Java中的String类源码阅读（上）_string checkdone(long[] ids);.-优快云博客

本文链接：https://blog.youkuaiyun.com/dzydzy7/article/details/106085754

概述

jdk8中的String类。主要源自源码和官方文档。关键的地方有高亮或中文解释或举例。

/*
 * Copyright (c) 1994, 2013, Oracle and/or its affiliates. All rights reserved.
 * ORACLE PROPRIETARY/CONFIDENTIAL. Use is subject to license terms.
 */

package java.lang;

import java.io.ObjectStreamField;
import java.io.UnsupportedEncodingException;
import java.nio.charset.Charset;
import java.util.ArrayList;
import java.util.Arrays;
import java.util.Comparator;
import java.util.Formatter;
import java.util.Locale;
import java.util.Objects;
import java.util.StringJoiner;
import java.util.regex.Matcher;
import java.util.regex.Pattern;
import java.util.regex.PatternSyntaxException;

The String class represents character strings. All string literals（文字的） in Java programs, such as "abc", are implemented as instances of this class.

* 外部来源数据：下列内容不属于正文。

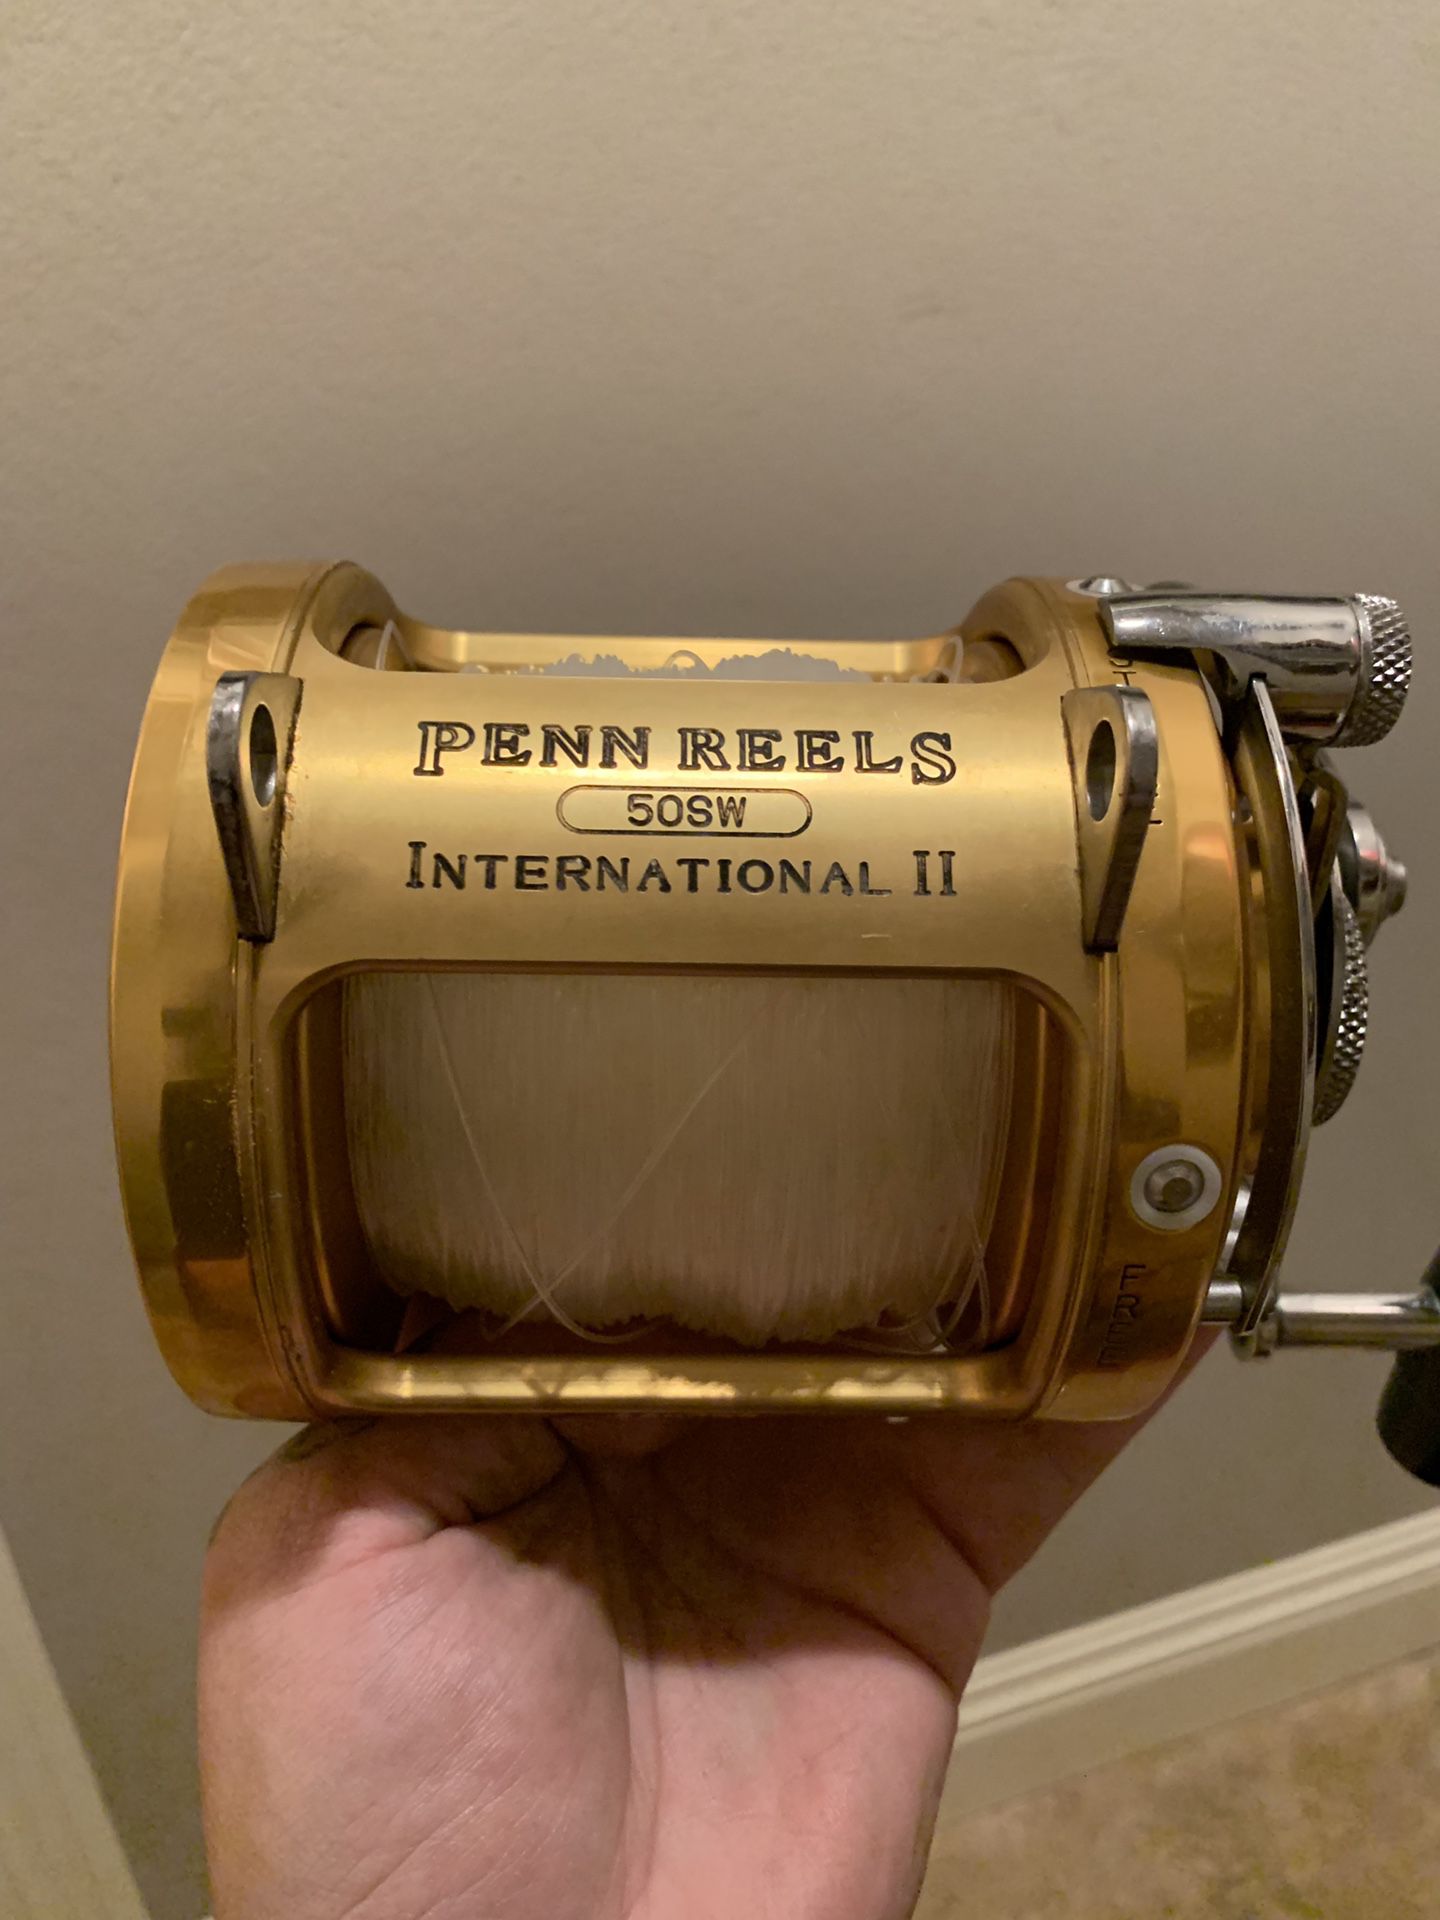 Penn reels international II 50SW

Strings are constant; their values cannot be changed after they are created. String buffers support mutable（可变的） strings. Because String objects are immutable（不可变的） they can be shared. For example:

   String str = "abc";

is equivalent to:

   char data[] = {'a', 'b', 'c'};
   String str = new String(data);

Here are some more examples of how strings can be used:

System.out.println("abc");   
String cde = "cde";   
System.out.println("abc" + cde);   
String c = "abc".substring(2,3);   
String d = cde.substring(1, 2);

The class String includes methods for examining individual characters of the sequence, for comparing strings, for searching strings, for extracting substrings, and for creating a copy of a string with all characters translated to uppercase or to lowercase. Case mapping is based on the Unicode Standard version specified by the Character class.

The Java language provides special support for the string concatenation（一系列相互关联的事） operator ( + ), and for conversion of other objects to strings. String concatenation is implemented through the StringBuilder(or StringBuffer) class and its append method. String conversions are implemented through the method toString, defined by Object and inherited by all classes in Java. For additional information on string concatenation and conversion, see Gosling, Joy, and Steele, The Java Language Specification.

Unless otherwise noted, passing a null argument to a constructor or method in this class will cause a NullPointerException to be thrown.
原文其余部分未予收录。